المسافة فوق البؤرية .. كتاب أسس التصوير الضوئي

Hyperfocal distance

If we suppose that we use a bellows camera, and set the lens at an infinity distance, the image would thus be collected on the sensitive film or frosted glass exactly at the focal length distance of the lens. So if we want to lengthen the extension of the blower slowly. Gradually, we found at the beginning that the close objects appear sharp in detail, and at the same time the objects located at infinity remain sharp in detail as well, until the length of the blower reaches a certain limit, and it is noticed that if that limit was prolonged, the bodies located in infinity would not appear sharp in detail, and then it is said that the lens It has been set at the suprafocal distance, and this distance is symbolized by the letter H. Therefore, it is possible. The suprafocal distance is defined as the point in front of the lens and to. If you adjust the lens to it, all the details appear sharp from infinity.

We now know that the distance between . Between infinity, the details become sharp if the distance is set to H, but what is the ruling on objects located between this point and the lens? Do the details also appear sharp? This relationship is defined as follows:
A) _ If you set the lens to the hyperfocal distance H, then the objects that lie in the middle of the hyperfocal distance to infinity appear. the details . For example, if H = 12 meters, we find that all the bodies located. Between infinity and 6 meters in front of the sharp detail lens.

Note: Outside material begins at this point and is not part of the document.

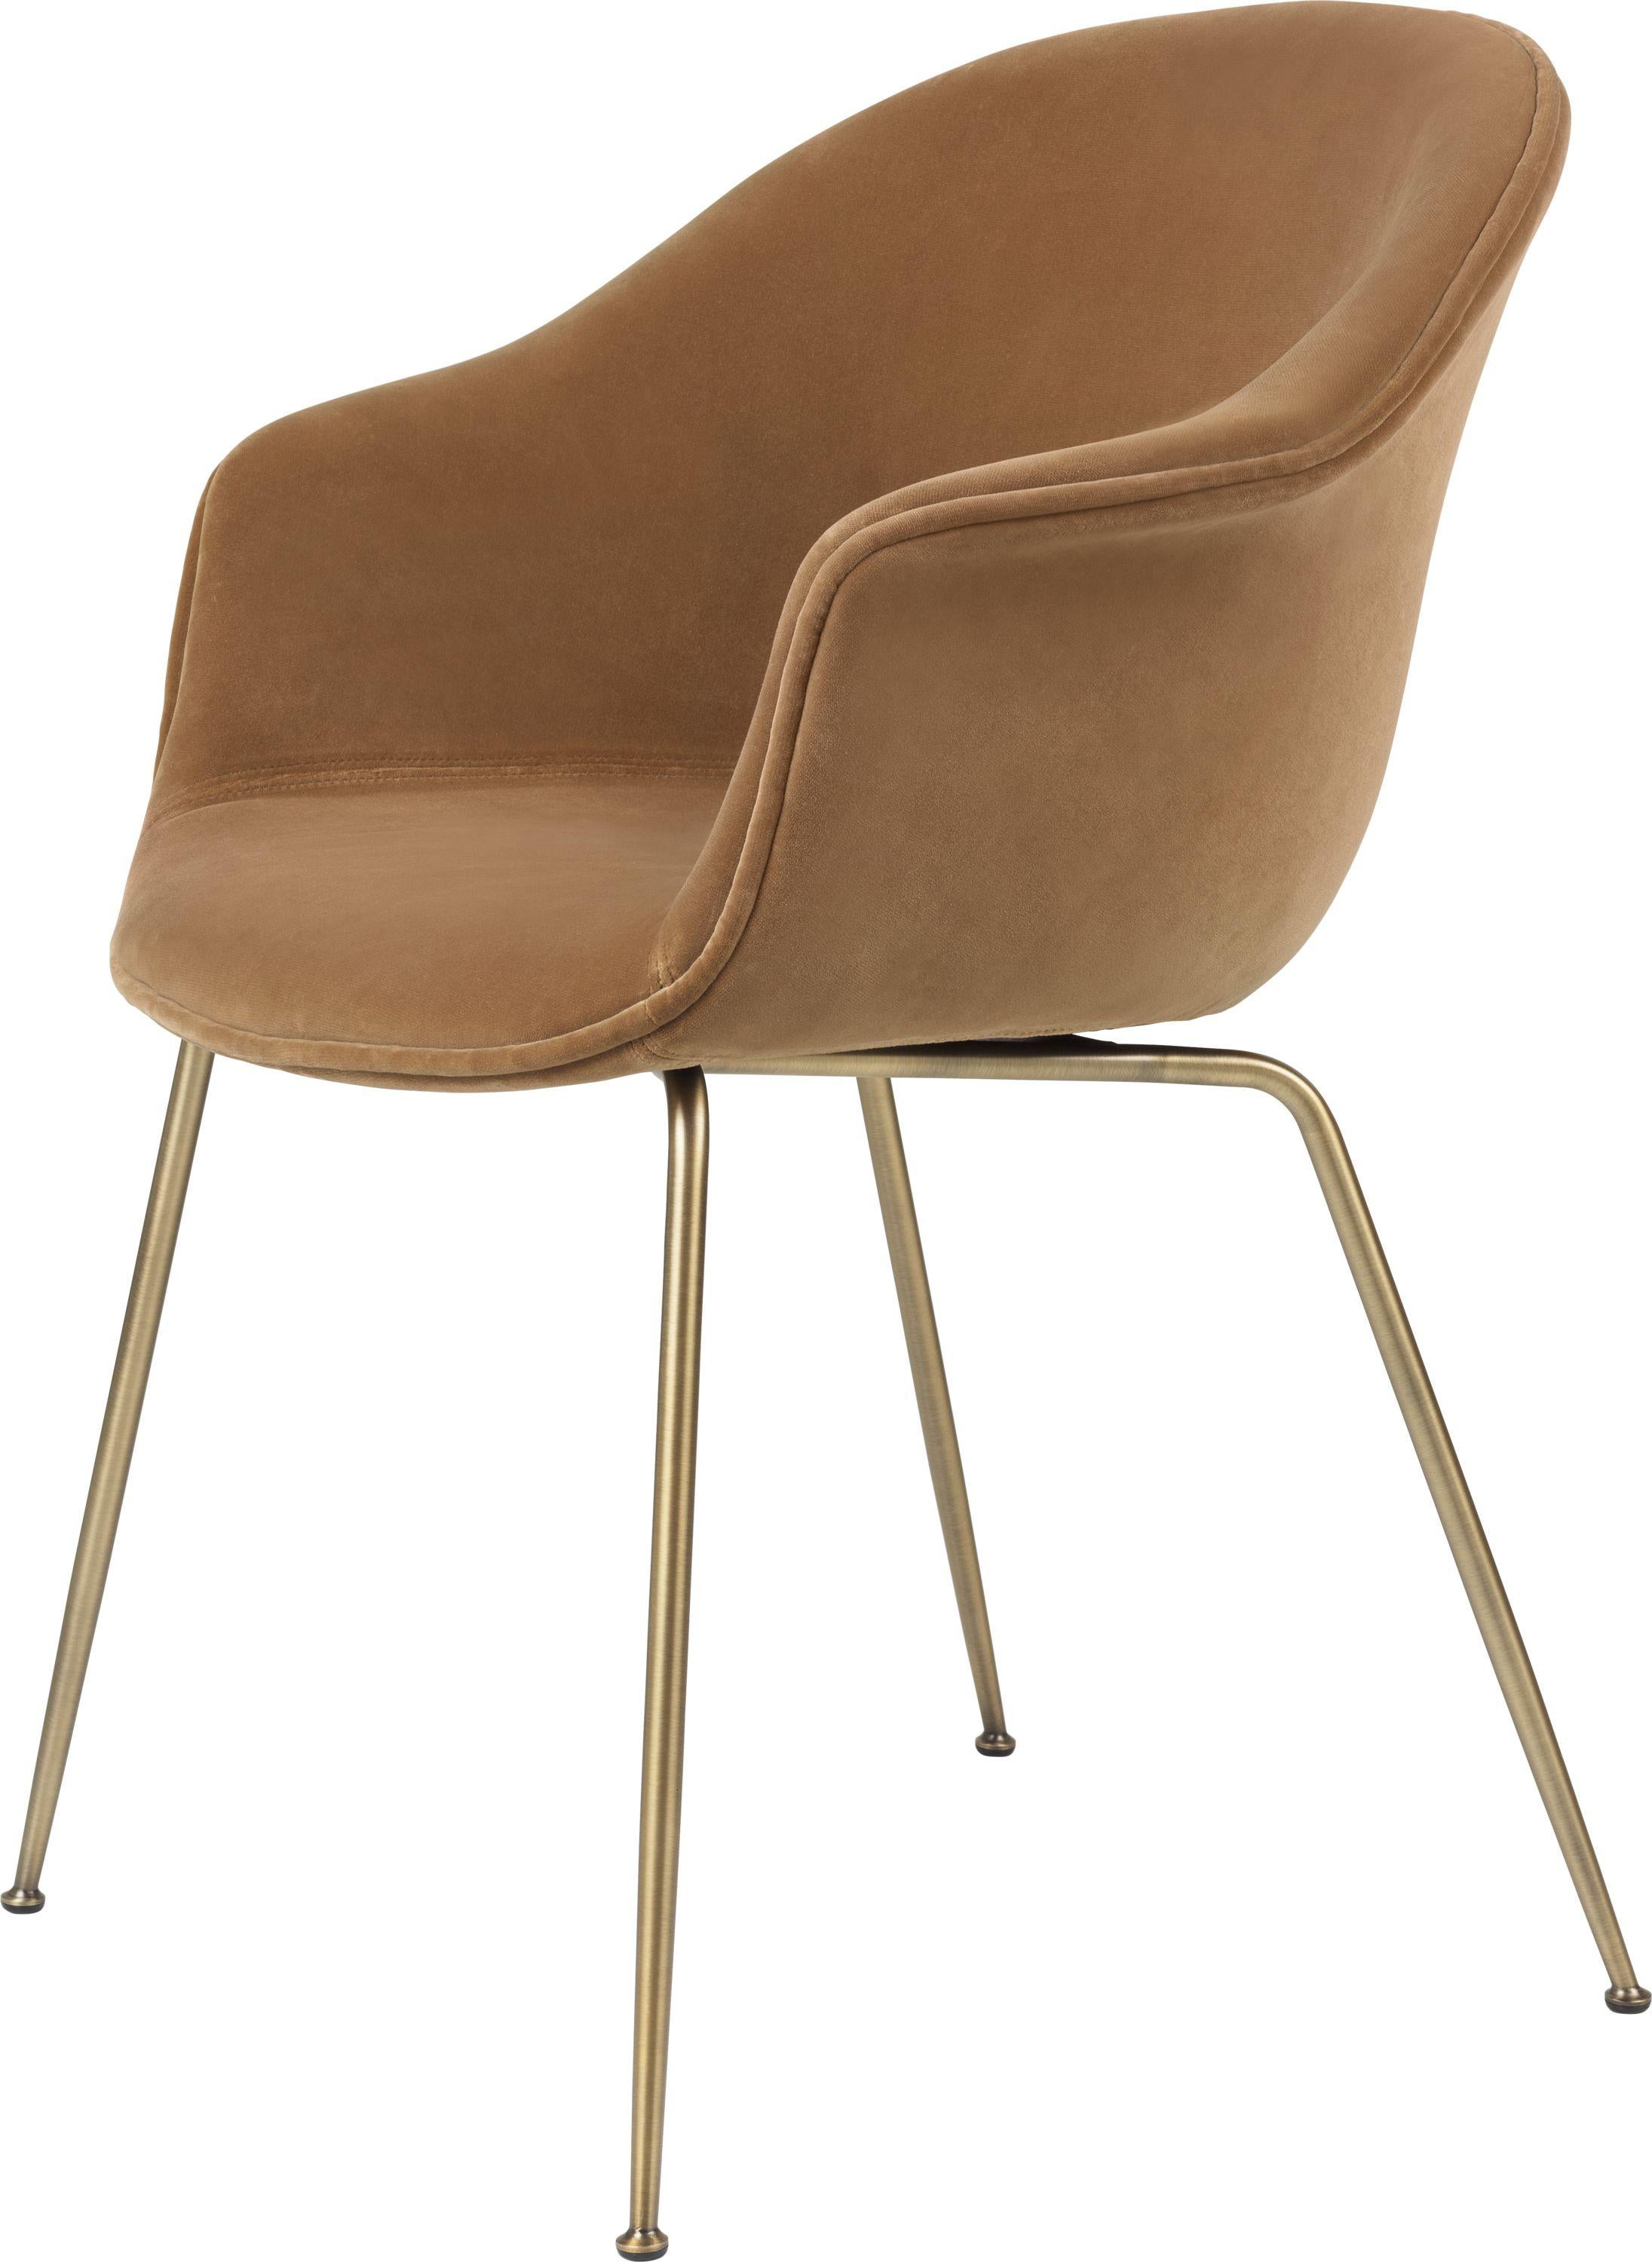 GamFratesi 'Bat' Dining Chair in Brown with Antique Brass Conic Base 2

b) _ If you set the lens at a distance of +H, i.e. at a distance of 6 meters, according to the previous example, then all objects between H to +H appear sharp in detail. Thus, objects that are four meters away from the lens and extend to 12 meters are all sharp in detail.
h) _ If you set the lens at a distance of 1 over 2 (ie a distance of 8 meters - the previous example), we find that . Objects between H and H + are sharp in detail (i.e. objects confined at a distance of
3-6 meters). From the foregoing, you can decide that H is the one that decides the depth of field in the image. Therefore, if photography is done with a lens, it is easy, if the distance H is known, to estimate the depth of field in the image.
Mathematical equations were able to calculate the distance H for the lenses, and it was found that the only factor affecting the length or shortness of this distance is the diameter of the actual diphragm aperture, and this distance is calculated as follows:
suprafocal distance. The diameter of the actual diaphragm aperture, and thus the distance H is equal in any two lenses, of which the focal length differs for them, as long as the diameter of the actual diaphragm aperture is the same in the two lenses, and the depth of field that can be obtained becomes the same for the two lenses as well. Example: the actual diaphragm aperture lens has a name, so what is it depth of field. What can be obtained if the lens is set at a distance equal to half the distance above the lens?
The details are sharp in the area between HP and H, which is located at a distance from the lens between about ten meters and 3.35 meters. It may seem that it is difficult to measure the diameter of the actual diaphragm aperture, and in fact you find that it is easy to calculate it if we know the focal length of the lens, and the focal number of the aperture used (f No).